Hong Kong’s freedom suddenly had an expiration date; the 1st of July 2014. But China isn’t waiting till 2047. So what happens when you erase borders?

The Tiananmen Square massacre happened in 1980, when a group of students decided they wanted a multi-party democracy, instead of a failed state of communism. Instead of diplomatically tackling the issue, the Chinese government ordered the military to crush this peaceful uprising. This crowd of over 1 million students on bicycles, was mowed down by tanks, and their bodies riddled by machine gun fire. The unofficial death toll, was over 20,000, leaving over 300,000 wounded and maimed. This quashed whatever future widespread democracy popularity that could have ever sprung up in China.

September 28, 2014 – Hong Kong, China: A solitary demonstrator eases through clouds of tear gas holding his umbrella for protection outside Government Headquarters as he’s surrounded by riot police. (Todd Darling/Polaris)

Fast forward to 2014. The evening news in HK in now in Mandarin, but the people of HK don’t speak Mandarin, they speak Cantonese. The Chinese government begins by killing a language to metaphorically kill its people. But in 2014, they took it a step too far. The Chinese government was trying to control who could run for HK’s presidential elections, to procure a communist friendly candidate.
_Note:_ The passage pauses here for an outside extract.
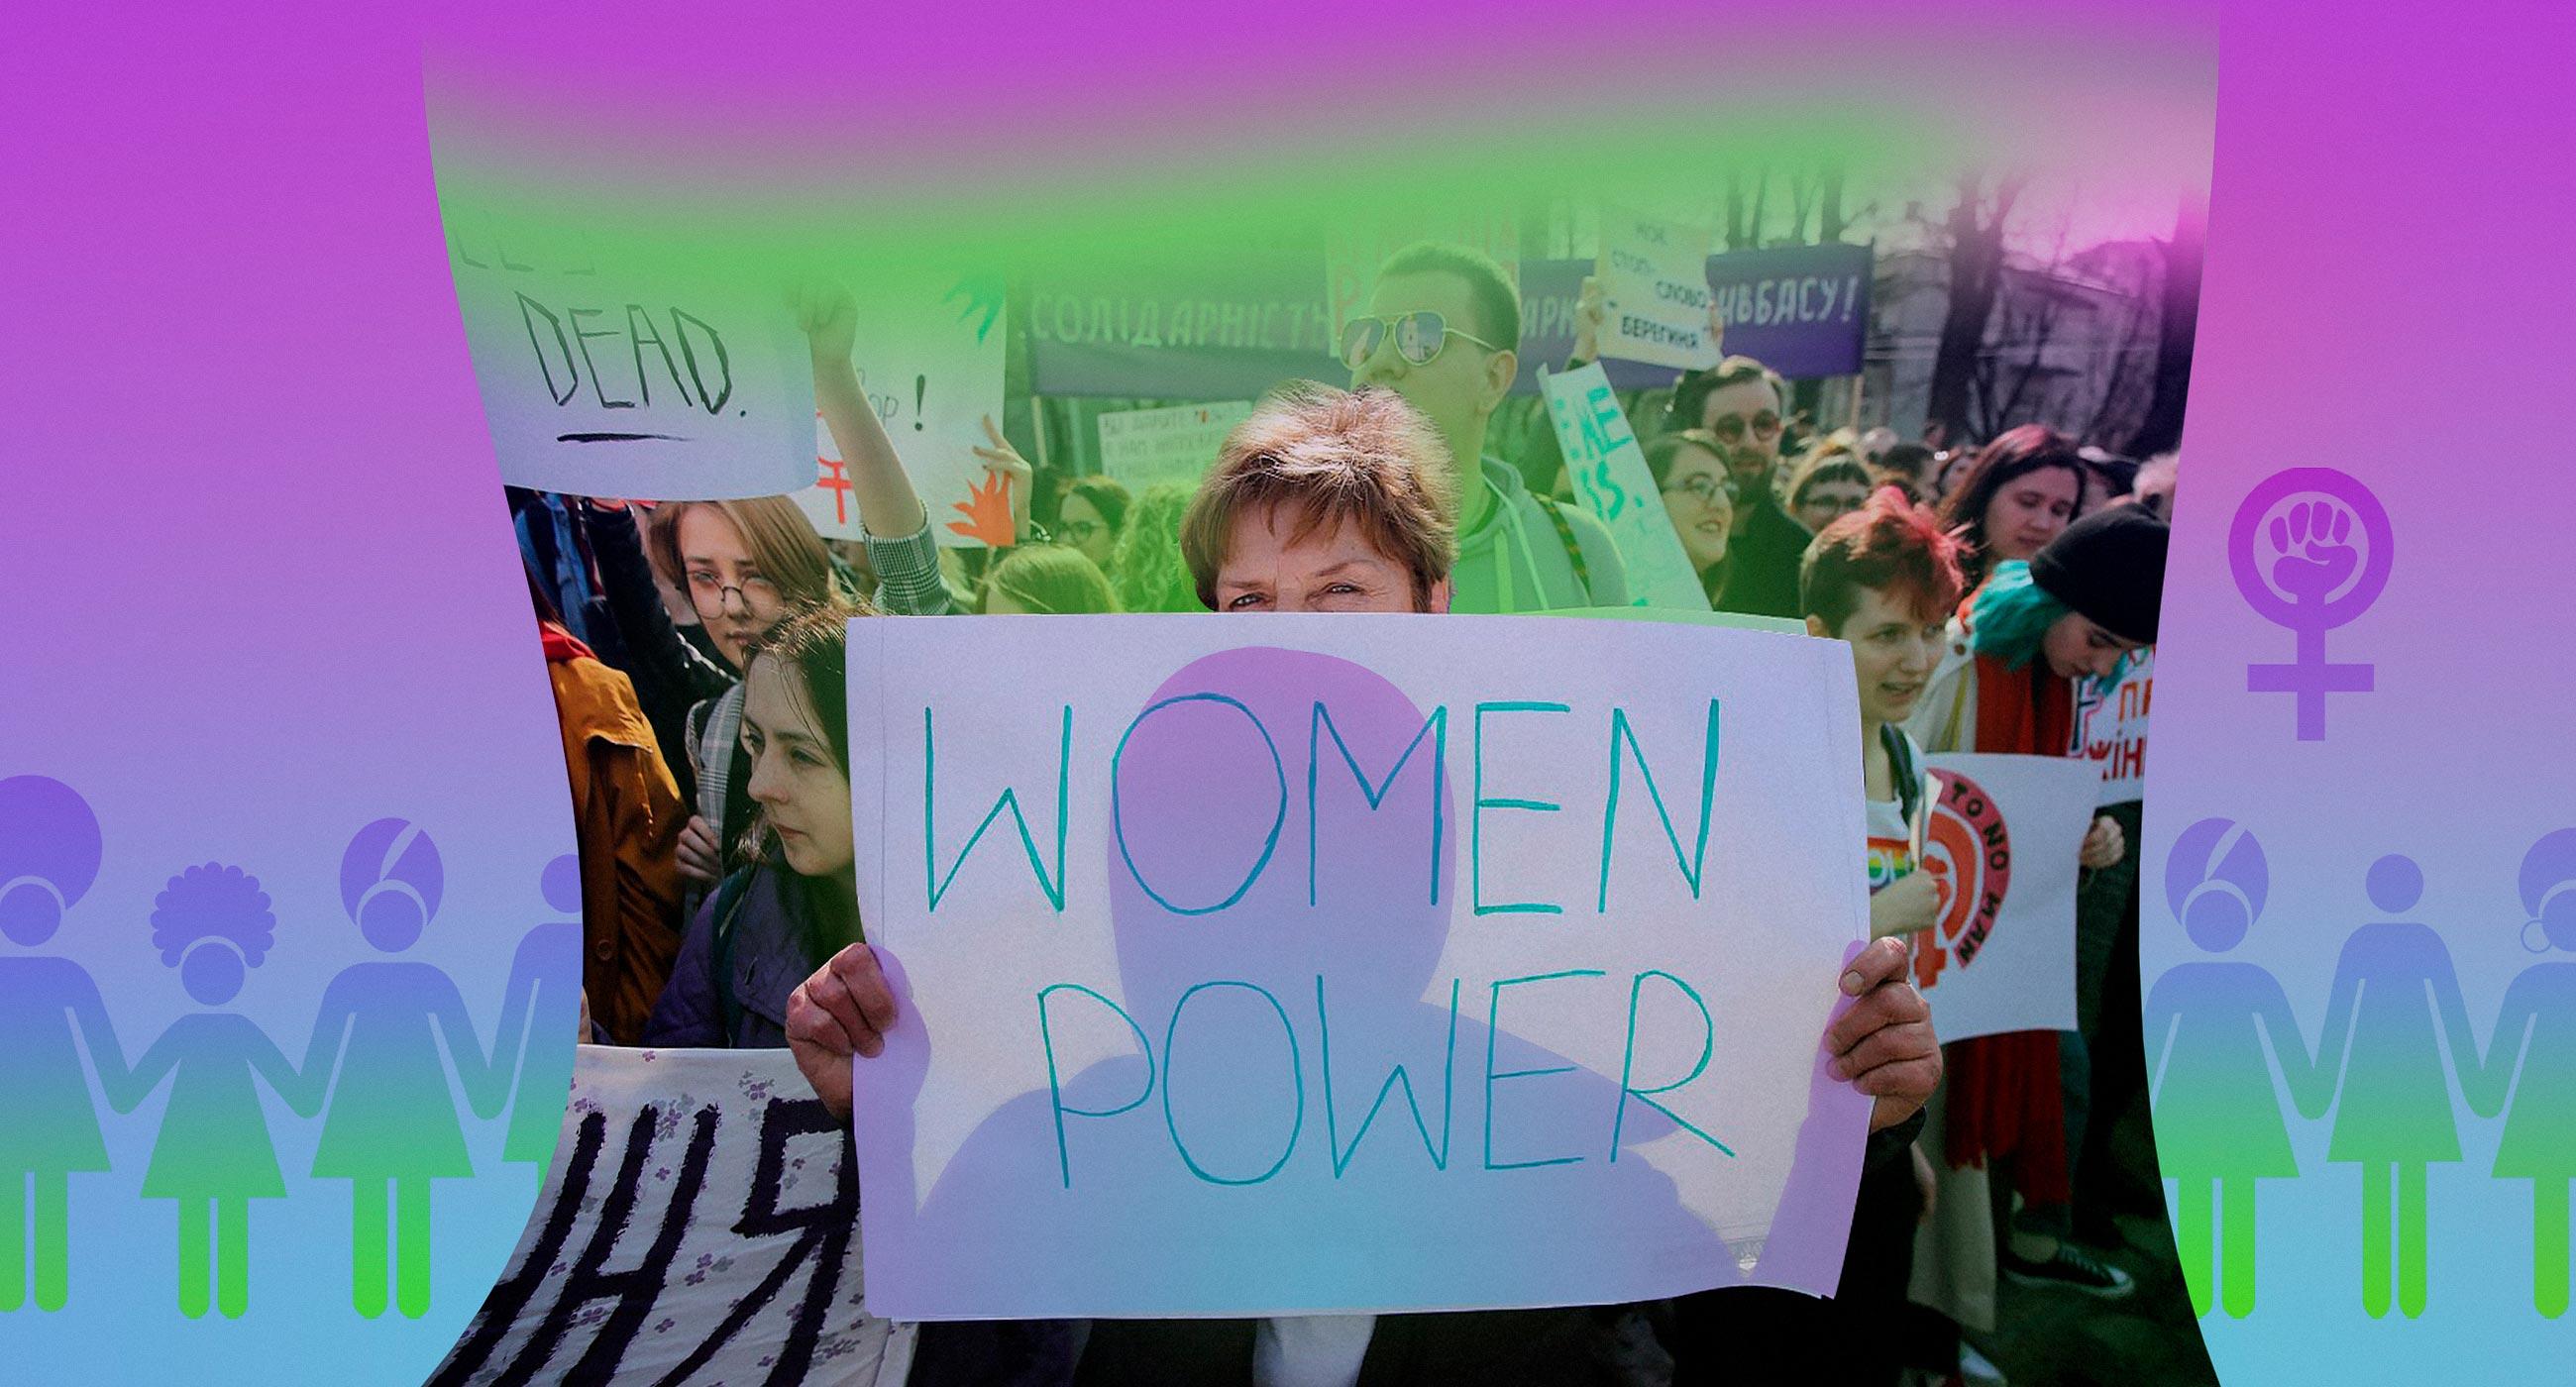 Как готовят марш за права женщин — с упором на безопасность и без поддержки государства

The citizens of HK took to the streets to protest, and in a predictable move, the military was called in to control the peaceful crowds with damaging pepper spray and tear gas. One cannot help but draw a parallel between 1980 and 2014. The citizens protecting themselves from the tear gas and pepper spray using umbrellas, invariable led this movement to be known as the Umbrella Movement, or better yet, Tiananmen Square version 2.0.

The changing dynamics in the world, especially in the Asians countries are era defining moments. They define the course ahead in terms of allied and axis powers, if not in the literal terms. These changes affect India directly, and our diplomatic relations with China, and till 2047, even HK. It is yet to be determined how passive or aggressive this transition would come to be.